Case Name: Daniel M. Groff, Appellant v. Township of Elizabeth, Lancaster County, Pa., Appellee
Court: Commonwealth Court of Pennsylvania
Jurisdiction: Pennsylvania
Decision Date: 1981-09-23
Citations: 62 Pa. Commw. 46
Docket Number: Appeal, No. 1475 C.D. 1980
Parties: Daniel M. Groff, Appellant v. Township of Elizabeth, Lancaster County, Pa., Appellee.
Judges: to Judges Bogers, Blatt and MacPhail, sitting as a panel of three.
Reporter: Pennsylvania Commonwealth Court Reports
Volume: 62
Pages: 46–47

Head Matter:
Daniel M. Groff, Appellant v. Township of Elizabeth, Lancaster County, Pa., Appellee.
Submitted on briefs, August 24, 1981,
to Judges Bogers, Blatt and MacPhail, sitting as a panel of three.

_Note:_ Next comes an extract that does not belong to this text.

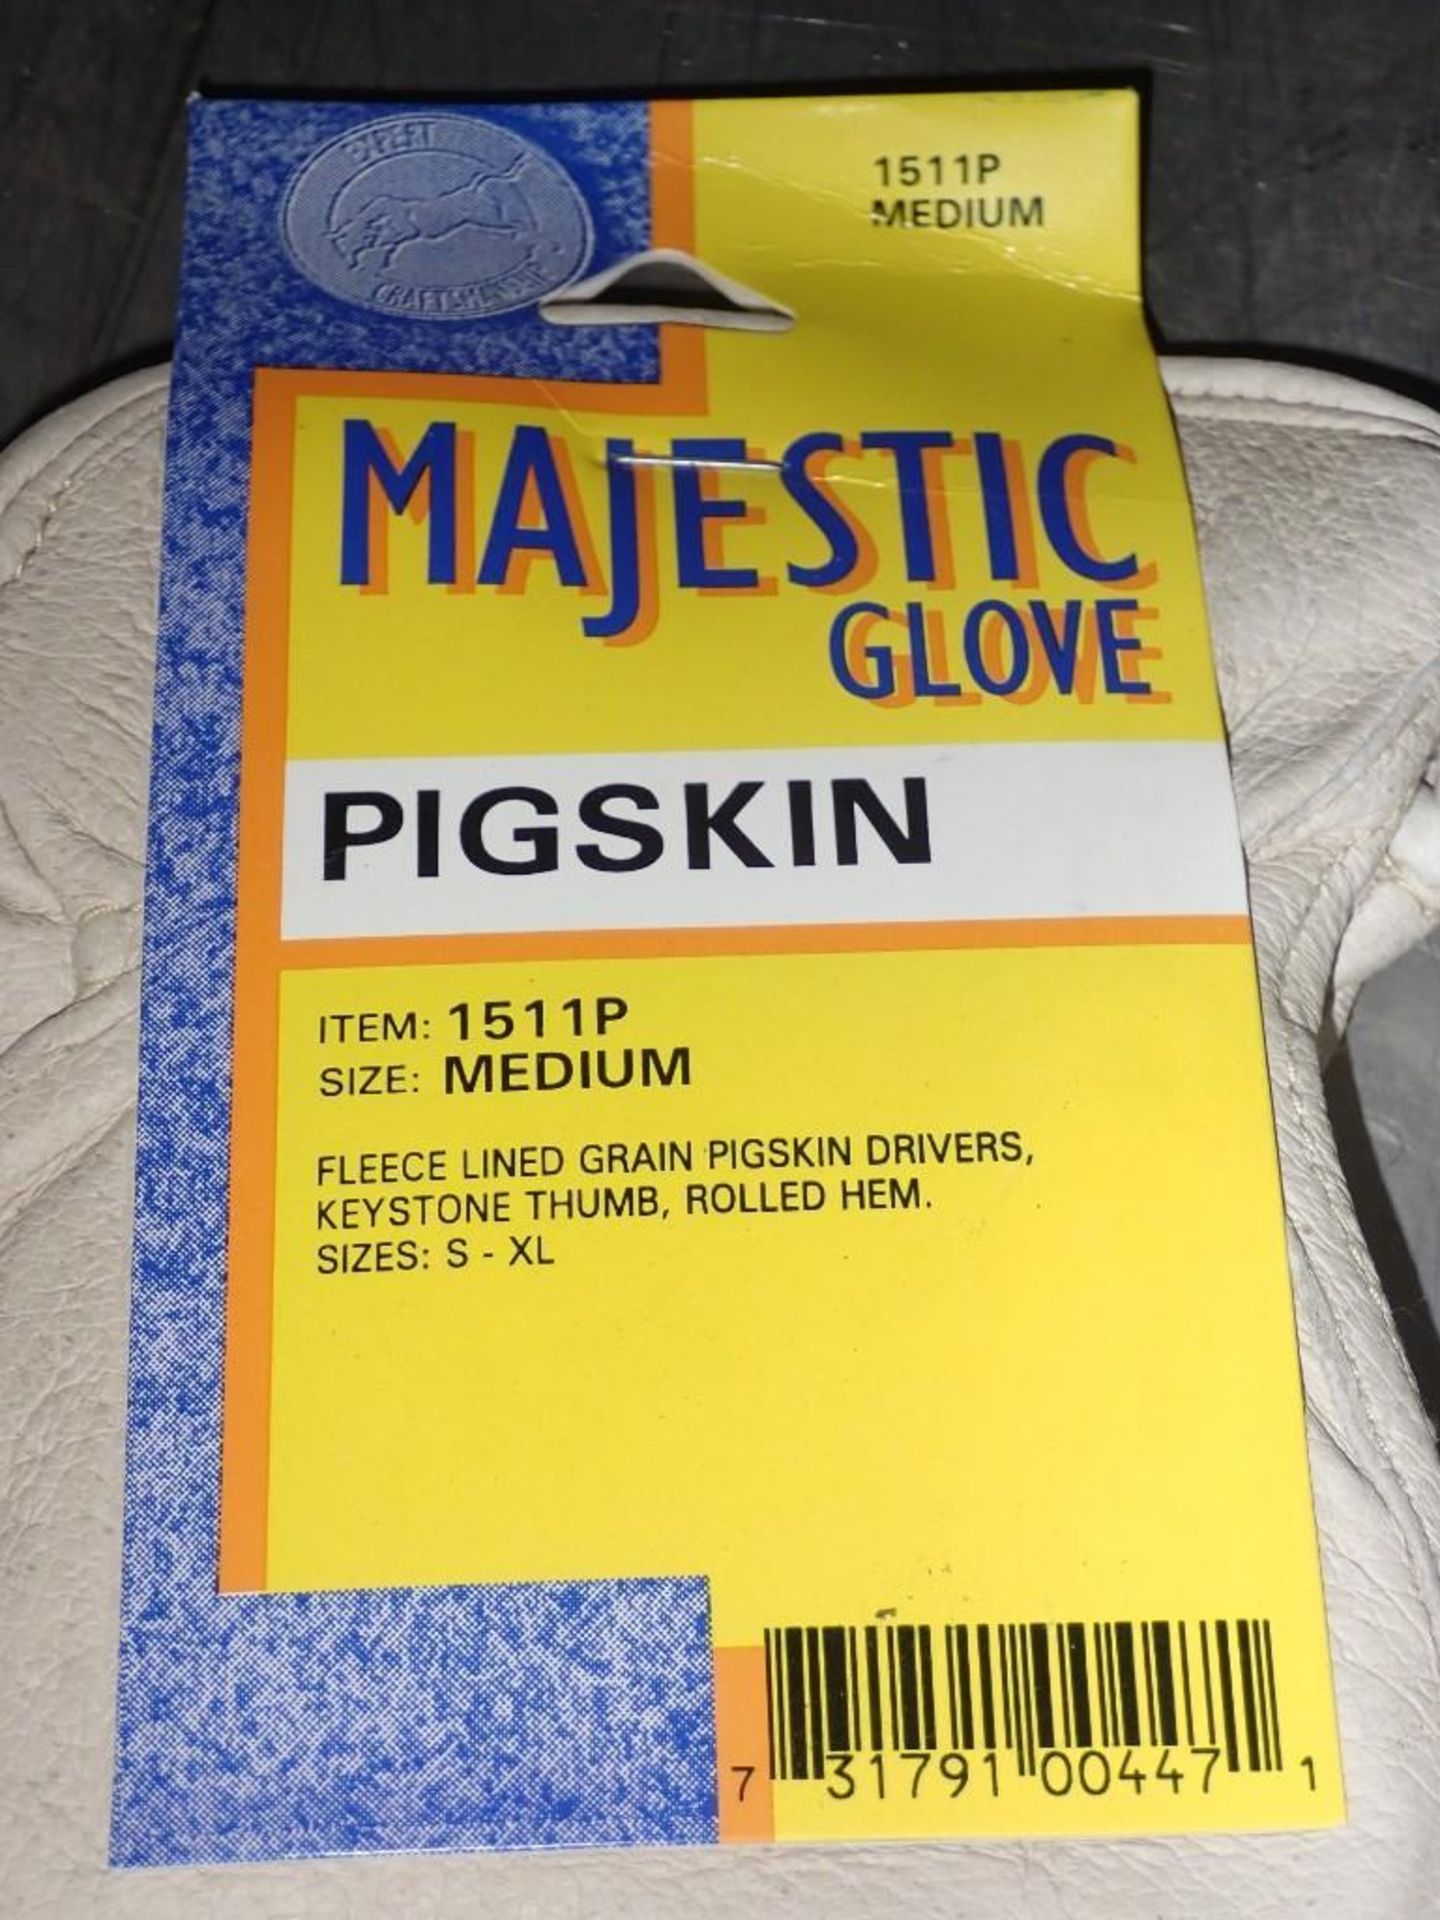 Lot of Majestic Pigskin Work Gloves - Image 2 of 2

Thomas G. Klingensmith, for appellant.
William C. Crosswell, Morgan, Hallgren, Crossivell & Kane, P.C., for appellee.
September 23, 1981:

Opinion:
Per Curiam,
Daniel M. Groff has appealed from judgments of sentence to pay fines and costs entered against him in the Court of Common Pleas of Lancaster County by a judge of that court after hearing de novo his appeals from summary judgments entered by a district justice. Groff was charged and found guilty of violating two provisions of the Elizabeth Township zoning ordinance relating to junked motor vehicles. At the hearing in the court below, it was proved that Groff kept 29 or 30 junked motor vehicles on a property he leased in Elizabeth Township. On May 24, 1971 the township had enacted a zoning ordinance prohibiting junkyards in certain districts and regulating the stationing of unlicensed and uninspected vehicles.

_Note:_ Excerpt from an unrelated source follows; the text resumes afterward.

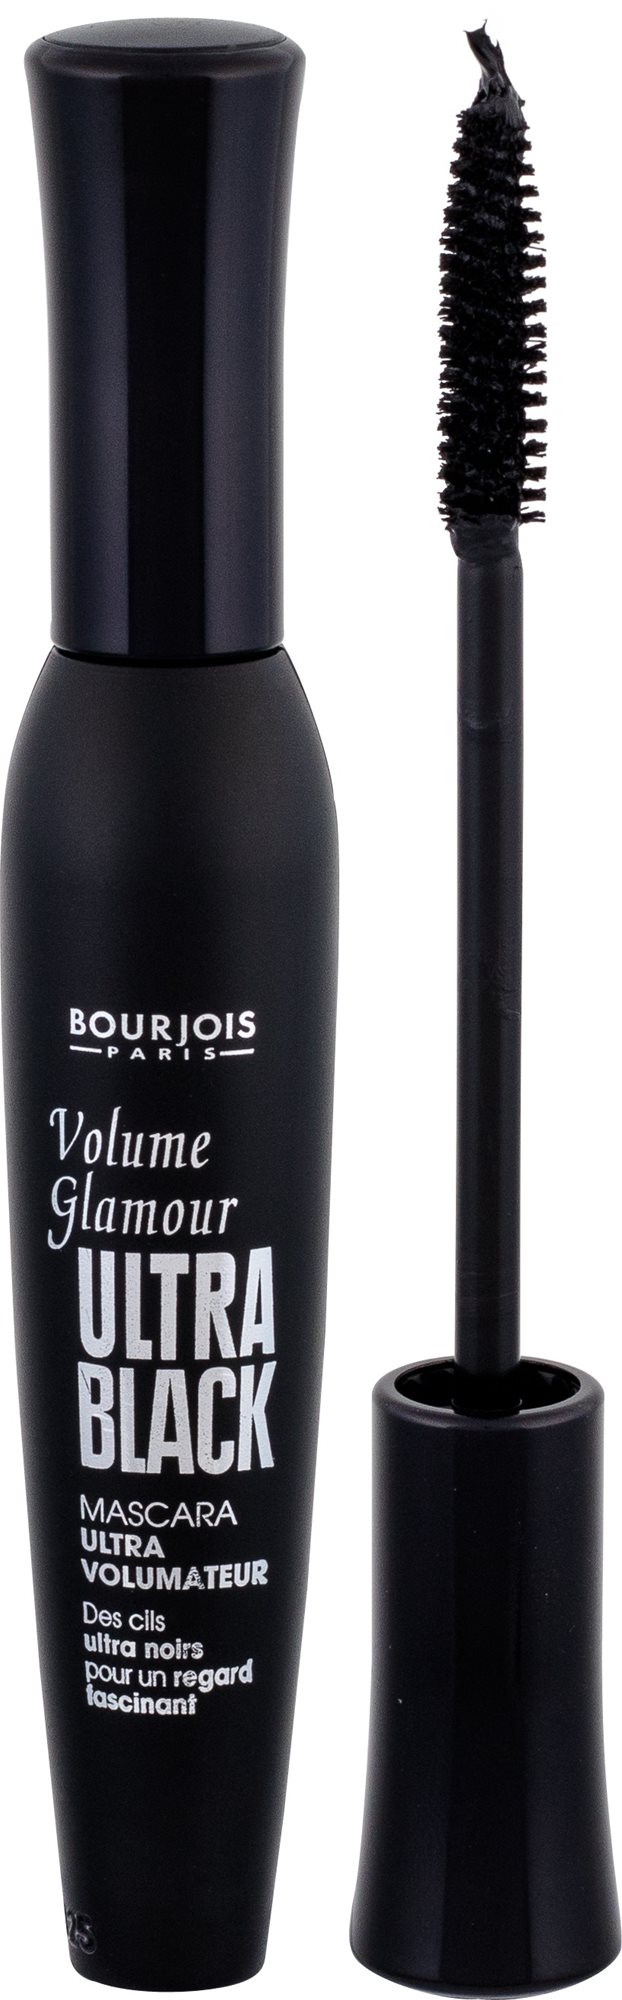 BOURJOIS Volume Glamour Ultra Black szempillaspirál

Groff's only defense at the hearing below was that beginning shortly before the zoning ordinance was enacted he had parked junked motor vehicles on the property in question and that, therefore, his junkyard was a lawful nonconforming use. However, the owner of adjacent property since the year 1959 testified that there were no junked automobiles on the property at any time before May 24, 1971 and not thereafter until the year 1976.
Clearly there was positive evidence produced to support the findings of Groff's guilt of violating the ordinances; and the evidence of the neighboring landowner concerning his personal observation of Groff's activities, which the hearing judge believed, rebutted Groff's testimony of lawful nonconforming use. Groff's other contentions, advanced pro se, are without merit.
Judgments affirmed.
Pee Curiam Order
And Now, this 23rd day of September, 1981, the judgments of sentence appealed from are affirmed.